Кузмину, созерцающему вид моря, собственно не о чем даже мечтать. В конце все сводится к «плоскому водоему», в котором «мы плескались и смеялись». Кузмин отворачивается от величественной панорамы моря, замыкается в свой узкий камерный мирок. Случайный взгляд на море вызывает у Кузмина чувство усталого утверждения фатальной предопределенности судьбы – и только[810].

Примечательно, что Волков, как несколькими годами ранее Е. Шамурин, отдельно останавливается на «пушкинианстве» Кузмина и посвящает несколько страниц доказательству несостоятельности подобных сопоставлений. На наш взгляд, это только усиливает дискурсивную идею, бытующую в литературной культуре тех лет. Книга Волкова вышла при жизни Кузмина, и поэт мог быть знаком с ней (а возможно, и с ее автором).

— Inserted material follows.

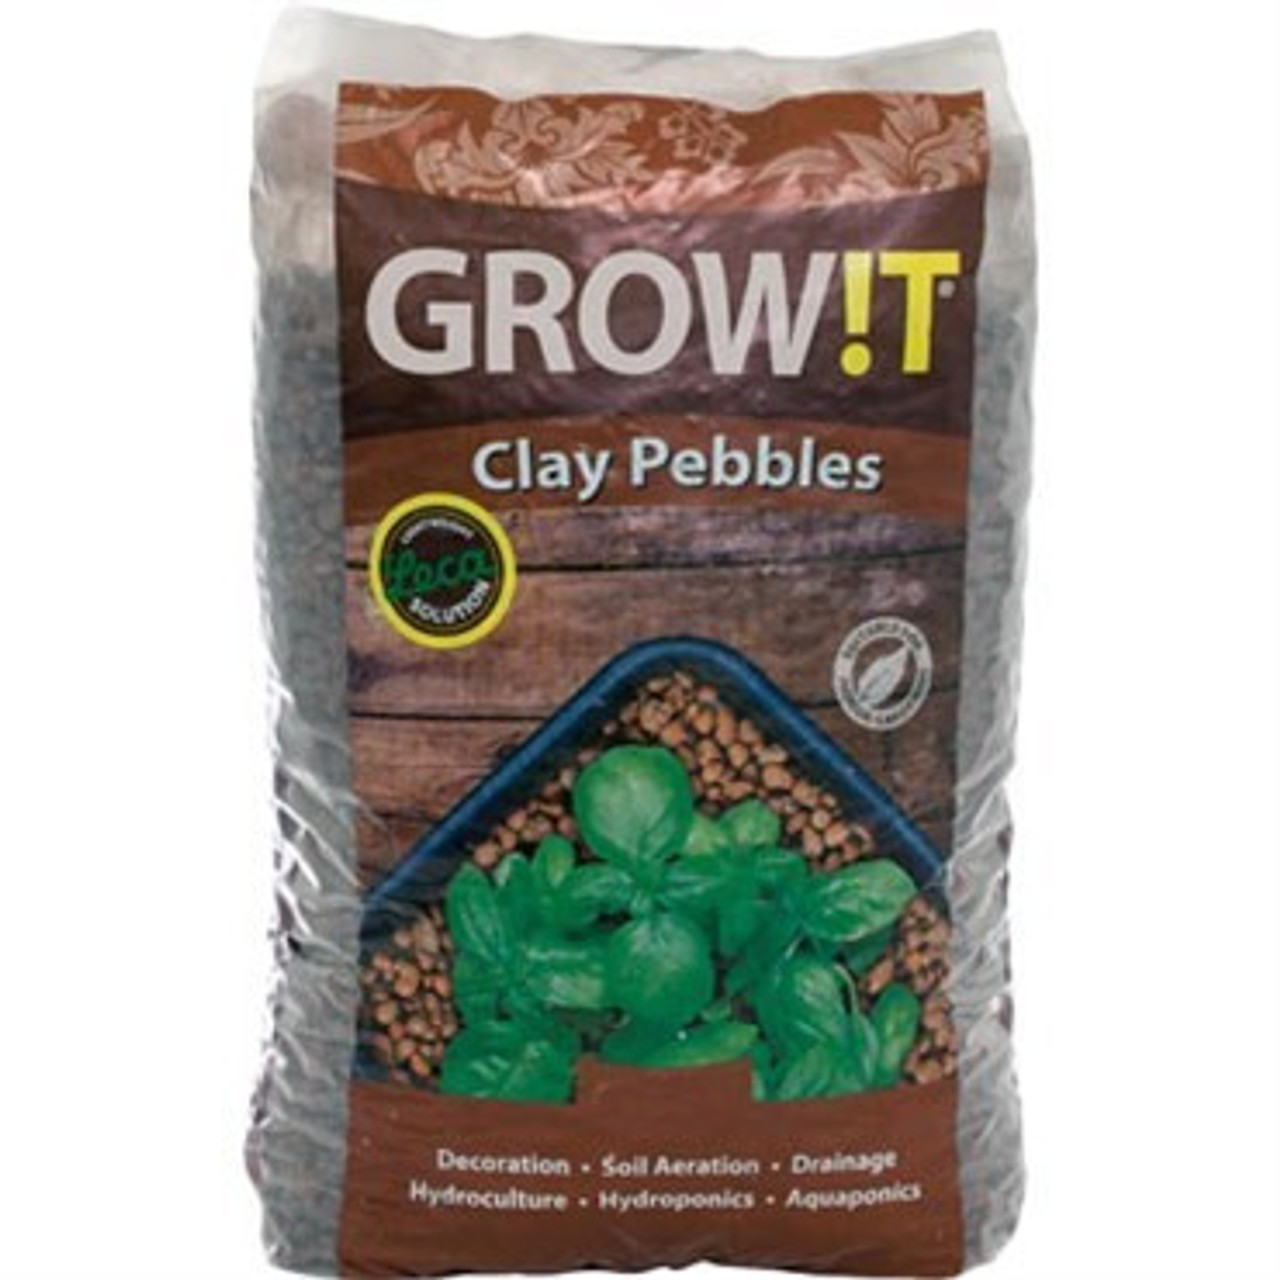 Zoo Med Excavator Clay Burrowing Substrate, 10 Lb 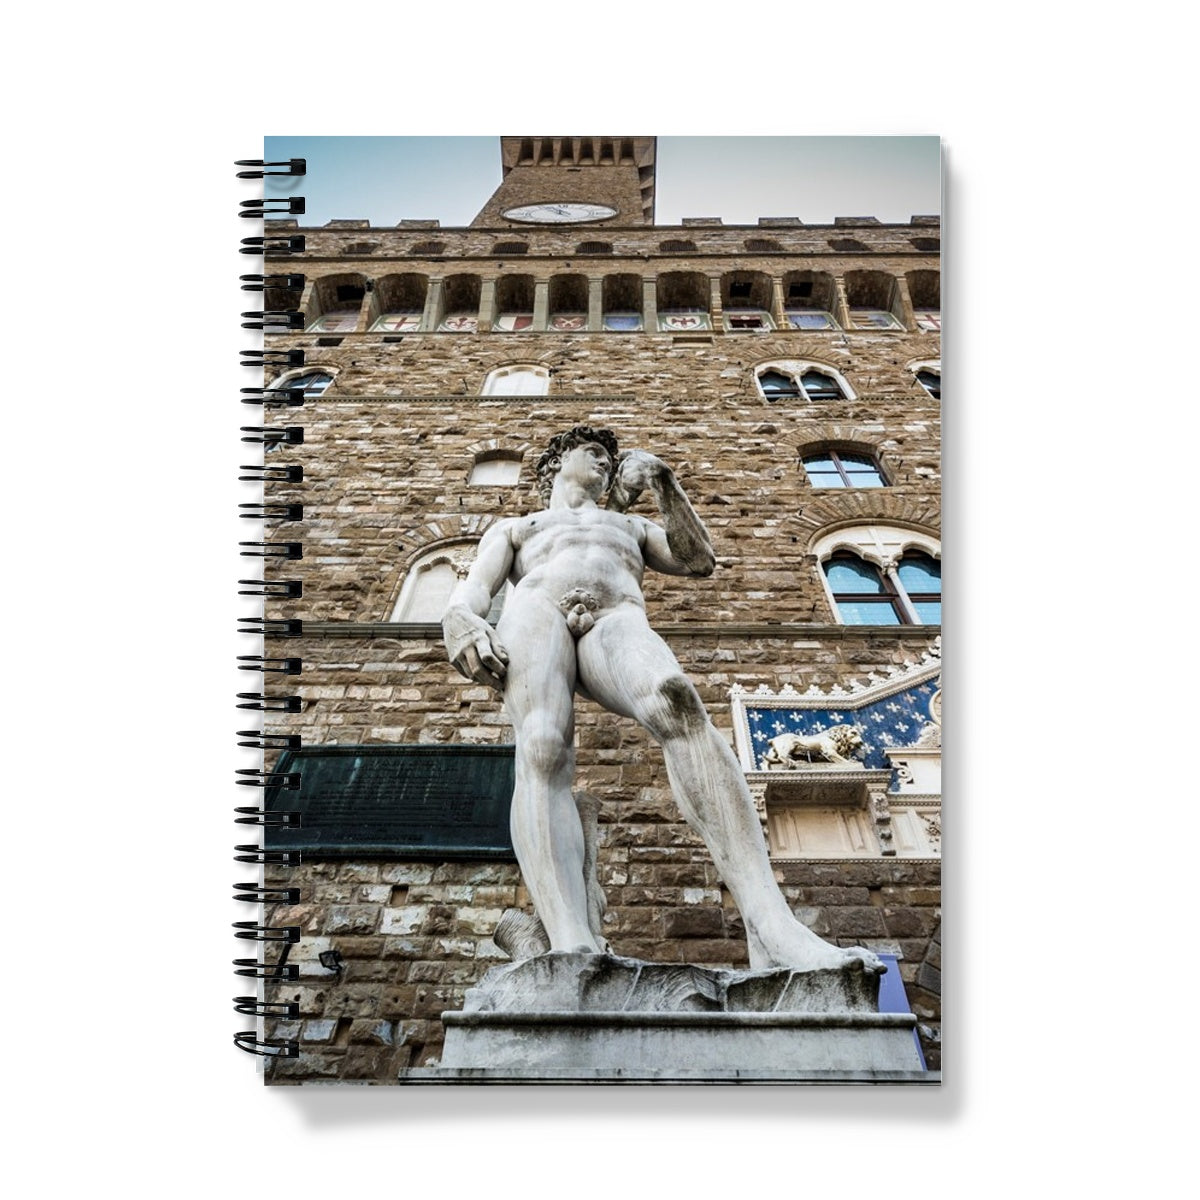 Statue of David overlooking Piazza della Signoria, with Palazzo Vecchio behind. Florence, Italy. Notebook

Параллельно процесс мемориализации начинается в эмиграции. Большинство мемуаристов покинули СССР к началу 1920-х годов, поэтому неизбежно закрепили в своих воспоминаниях 1900-е – начало 1910-х годов, эпоху расцвета культуры Петрограда и литературной славы Кузмина. Так, в «Петербургских зимах» Г. В. Иванова (1928) были собраны едва ли не все мифы о Кузмине, бытующие к концу 1910-х: посетители-эстеты, «какие-то лощеные штатские, какие-то юнкера»; оригинальный внешний вид: «…апостол петербургских эстетов, идеал денди с солнечной стороны Невского»; мифологизированная биография: «Шелковые жилеты и ямщицкие поддевки, старообрядчество и еврейская кровь, Италия и Волга – все это кусочки пестрой мозаики, составляющей биографию Михаила Алексеевича Кузмина»[811]. В несколько более поздней статье «О Кузмине, поэтессе-хирурге и страдальцах за народ» (1930) Иванов еще раз перетасует несколько мифов о Кузмине. Описывая литературный процесс 1920-х годов, И. В. Одоевцева следует в воссоздании образа Кузмина за Г. Ивановым:

…я слышала о нем много самых противоречивых рассказов. По ним мне никак не удается составить себе ни образа, ни биографии Кузмина: Кузмин – король эстетов, законодатель мод и тона. Он – русский Брюммель. У него триста шестьдесят пять жилетов.

По утрам к нему собираются лицеисты, правоведы и молодые гвардейцы присутствовать при его petit lever. Он – старообрядец. Его бабушка – еврейка…[812]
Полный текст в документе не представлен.